Alves, que na última terça-feira (16) completaria 33 anos, era um dos líderes de uma ação social promovida anualmente pela torcida organizada Raça Tricolor para arrecadação e distribuição de brinquedos e cestas básicas na cidade do interior paulista às vésperas do Natal. À frente do projeto estavam ele e o amigo de infância Mohamad Taha, morto no ano seguinte por causa de problemas cardíacos.

Mas a tragédia e o luto não foram suficientes para deixar a criançada sem brinquedos ou idosos de asilos e moradores de favelas sem os alimentos esperados todo fim de ano. A mãe do engenheiro, a jornalista aposentada Sílvia Helena Ferraz Santos, 63 anos, assumiu o legado social do filho. "Em 2019, a Kombi quase não conseguiu chegar, de tão pesada, a uma casa transitória [onde crianças vítimas de violência doméstica ou com problemas na família normalmente são levadas] que ficava bem longe", disse, sobre a perua emprestada pelo time de futebol.

O rompimento da barragem da mina Córrego do Feijão, que matou 270 pessoas, é assunto reservado na família de Sílvia Helena, que usa suas redes sociais quase diariamente para homenagear o filho, mas evita dar entrevistas sobre assunto. Ela confessa nunca ter ido a Brumadinho e toma cuidado ao falar das esperanças pelo reconhecimento do filho, quando bombeiros de Minas Gerais anunciam o encontro de um novo corpo, mesmo mais de mil dias depois daquele 25 de janeiro. Pelo menos nestes meses de novembro e dezembro, a mãe procura se concentrar na herança que abraçou.

"O Projeto Luís Felipe Alves - ação solidária de Natal nasceu do desejo de ajudar o próximo colocando muito o coração, numa iniciativa bem de formiguinha, de pouco em pouco recolhendo doações em casa, com os amigos ou pessoas conhecidas", afirmou à reportagem, no dia do aniversário do filho. "Isso já faz seis anos, talvez um pouco mais", disse ela, que colocou a arrecadação de panetones como grande meta para este Natal. "Tem criança que nunca comeu", disse a kardecista e devota de Santa Rita de Cássia.

A mãe contou que não fazia parte da ação social até o desaparecimento do filho. E teve de aprender como fazer o voluntariado. Nesta época no ano passado, lembra, estava lavando roupinha e colando cabelo das bonecas usadas doadas em meio a centenas de brinquedos novos.

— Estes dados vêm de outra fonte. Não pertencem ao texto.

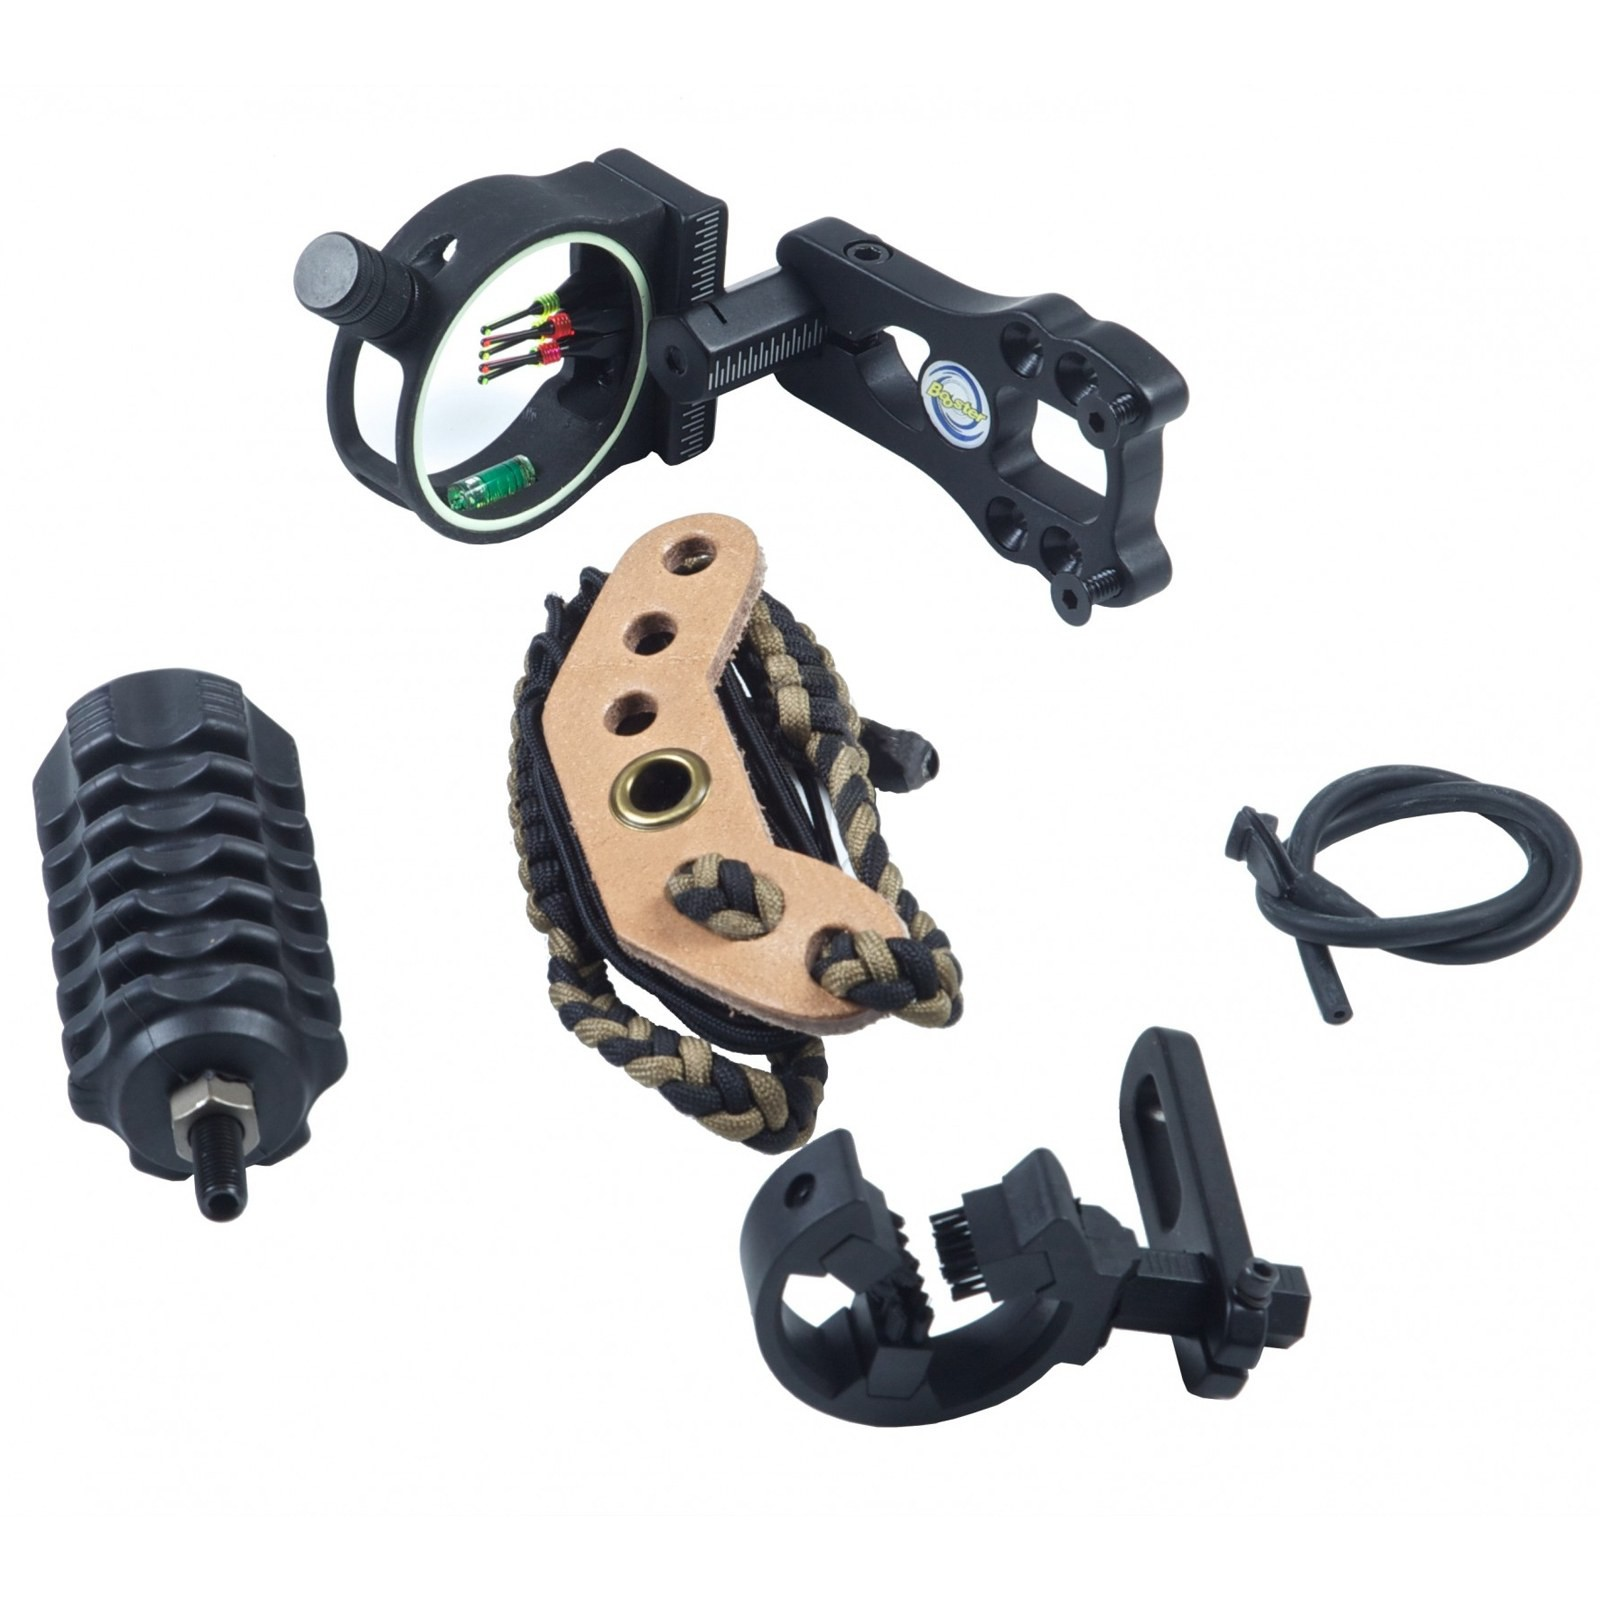 Kit Accessori Compound Caccia Stabilizzatore Mirino Dragona Rest Visette

"Inesperadamente, há quase três anos o meu filho partiu. E no ano seguinte, o amigo de infância. Eu jamais poderia encerrar a missão idealizada e conduzida por eles", afirmou. "Com a família [de Mohamad Taha], o Paulista Futebol Clube e a Raça Tricolor assumimos o projeto de corpo e alma", disse.

A entrega das doações é com uniforme do time campeão da Copa do Brasil em 2005, mas que hoje sofre na última divisão do Campeonato Paulista. "Sabemos que os tempos estão muito difíceis, preocupantes, mas se cada um puder doar um brinquedo, alimentos e um panetone conseguiremos pelo terceiro ano consecutivo realizar o sonho do meu Luís Felipe e do Mohamad, onde quer que estejam."

A tragédia A tragédia causada pelo rompimento da barragem de uma mina da Vale em Brumadinho, ocorrida em 25 de janeiro de 2019, completou mil dias em 21 de outubro. O acidente matou 270 pessoas -ainda há sete desaparecidos, entre elas o engenheiro Luís Felipe Alves

O rompimento é considerado o maior acidente de trabalho no Brasil e uma das maiores tragédias ambientais da história no país.

Na época, Minas Gerais ainda tinha fresco na memória outro rompimento de barragem, em Mariana, em 5 de novembro de 2015. Ao todo, 18 pessoas morreram e ainda há um desaparecido.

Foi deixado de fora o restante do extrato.